OCR¶
A filter that performs optical character recognition on video frames.
Tesseract 3.04.00 language data files are required. See the datapath parameter.
- ocr.Recognize(clip clip[, string datapath, string language="", string[] options])¶
This function runs Tesseract on each video frame and adds the following properties:
- OCRString
The OCR result as UTF-8 string.
- OCRConfidence
Confidence value for each recognized word as an array of integers in range 0-100. The number of confidence values should correspond to the number of space-delimited words in
OCRString
.
Parameters:
- clip
Clip to be processed. Must be grayscale with 8 bits per sample.
- datapath
Path to a folder containing a “tessdata” folder, in which Tesseract’s data files must be found. Must have a trailing slash.

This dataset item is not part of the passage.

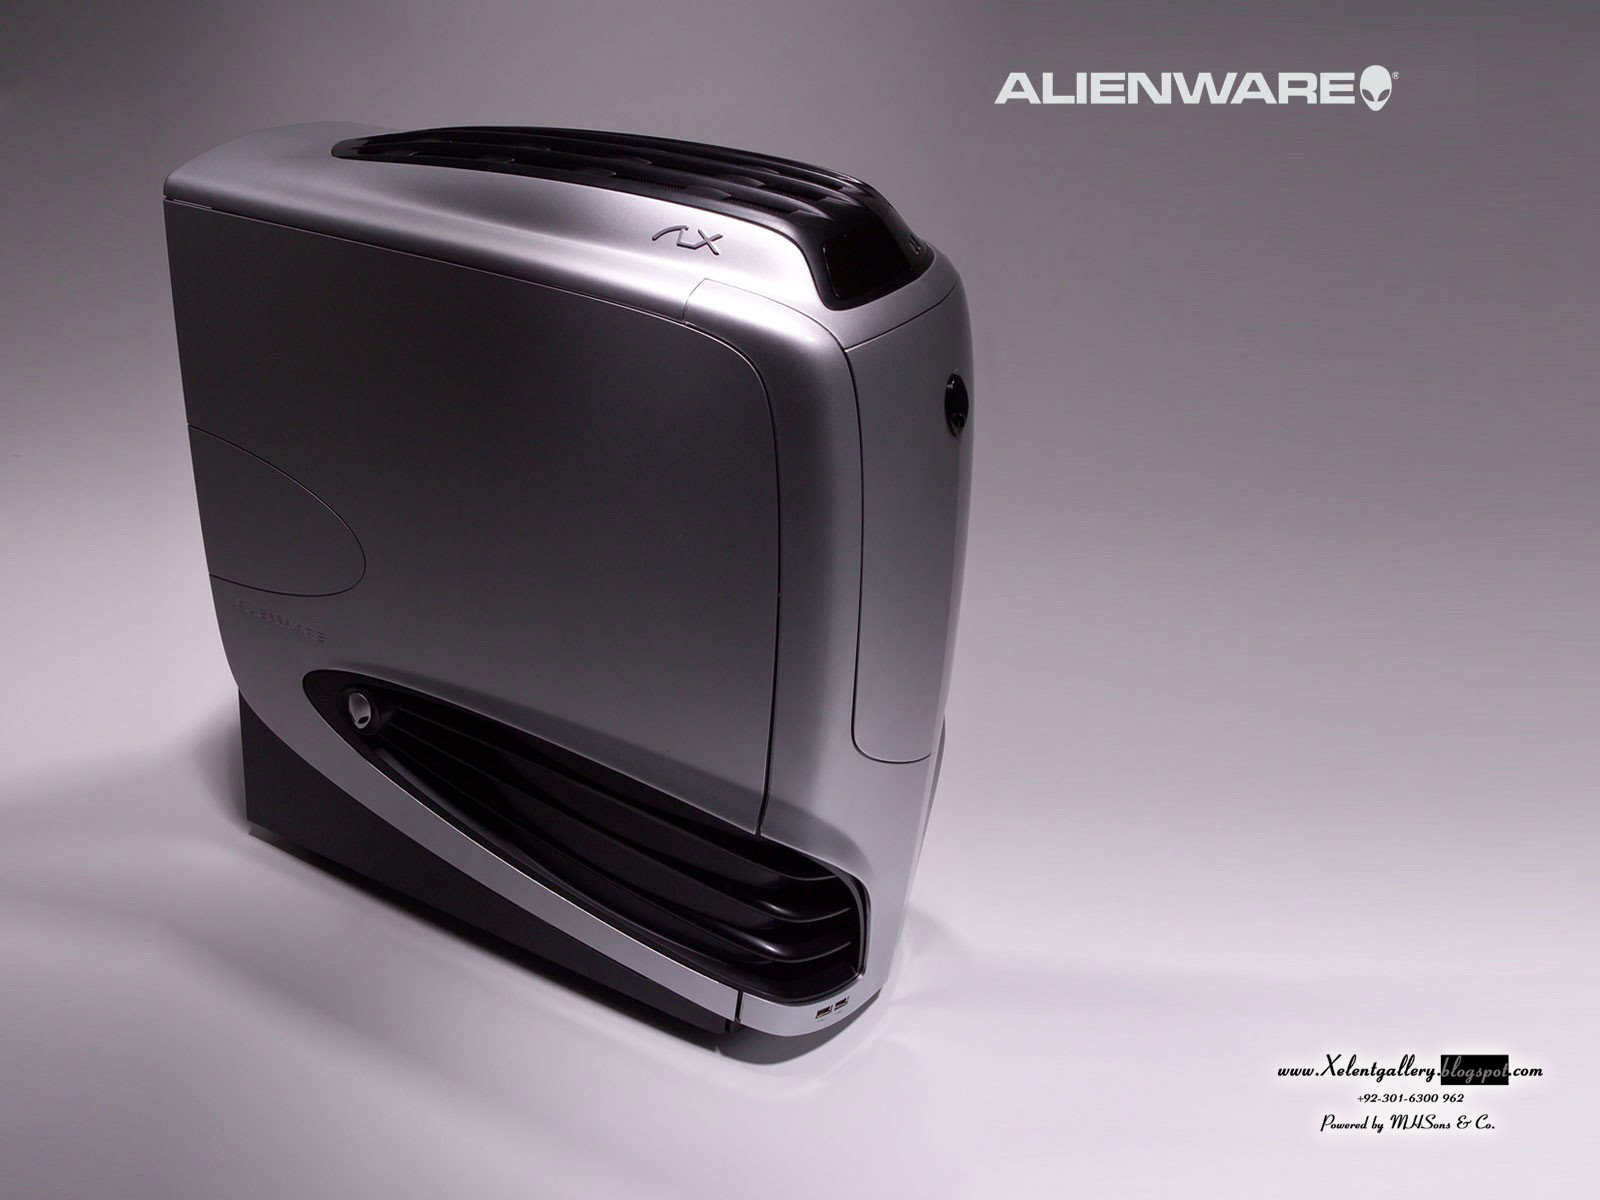 HD Alienware Wallpaper Pack Xelent Gallery

In Windows, this parameter’s default value is the folder where the Ocr plugin DLL resides. In other operating systems, this parameter’s default value is empty, and Tesseract’s default data path will be used.
- language
An ISO 639-3 language string. Uses Tesseract’s default language if unset (usually
eng
). The language may be a string of the form[~]<lang>[+[~]<lang>]*
, indicating that multiple languages are to be loaded. E.g.hin+eng
will load Hindi and English. Languages may specify internally that they want to be loaded with one or more other languages, so the~
sign is available to override that. E.g. ifhin
were set to loadeng
by default, thenhin+~eng
would force loading onlyhin
. The number of loaded languages is limited only by memory, with the caveat that loading additional languages will impact both speed and accuracy, as there is more work to do to decide on the applicable language, and there is more chance of hallucinating incorrect words.- options
Options to be passed to Tesseract, as a list of (key, value) pairs. Available options are documented in
tesseractclass.h
of Tesseract’s source code.Warning
Tesseract is not completely thread-safe. Changing any of the options starting with
classify
ortextord
will change them for all instances of this filter.
Example:
ret = core.ocr.Recognize(src, language="eng", options=["tessedit_char_whitelist", "0123456789abcdefghijklmnopqrstuvwxyzABCDEFGHIJKLMNOPQRSTUVWXYZ.:;,-!?\"'"])
Note
This only really works on frames that contain nothing but text, so make sure to filter the input appropriately if this is not the case.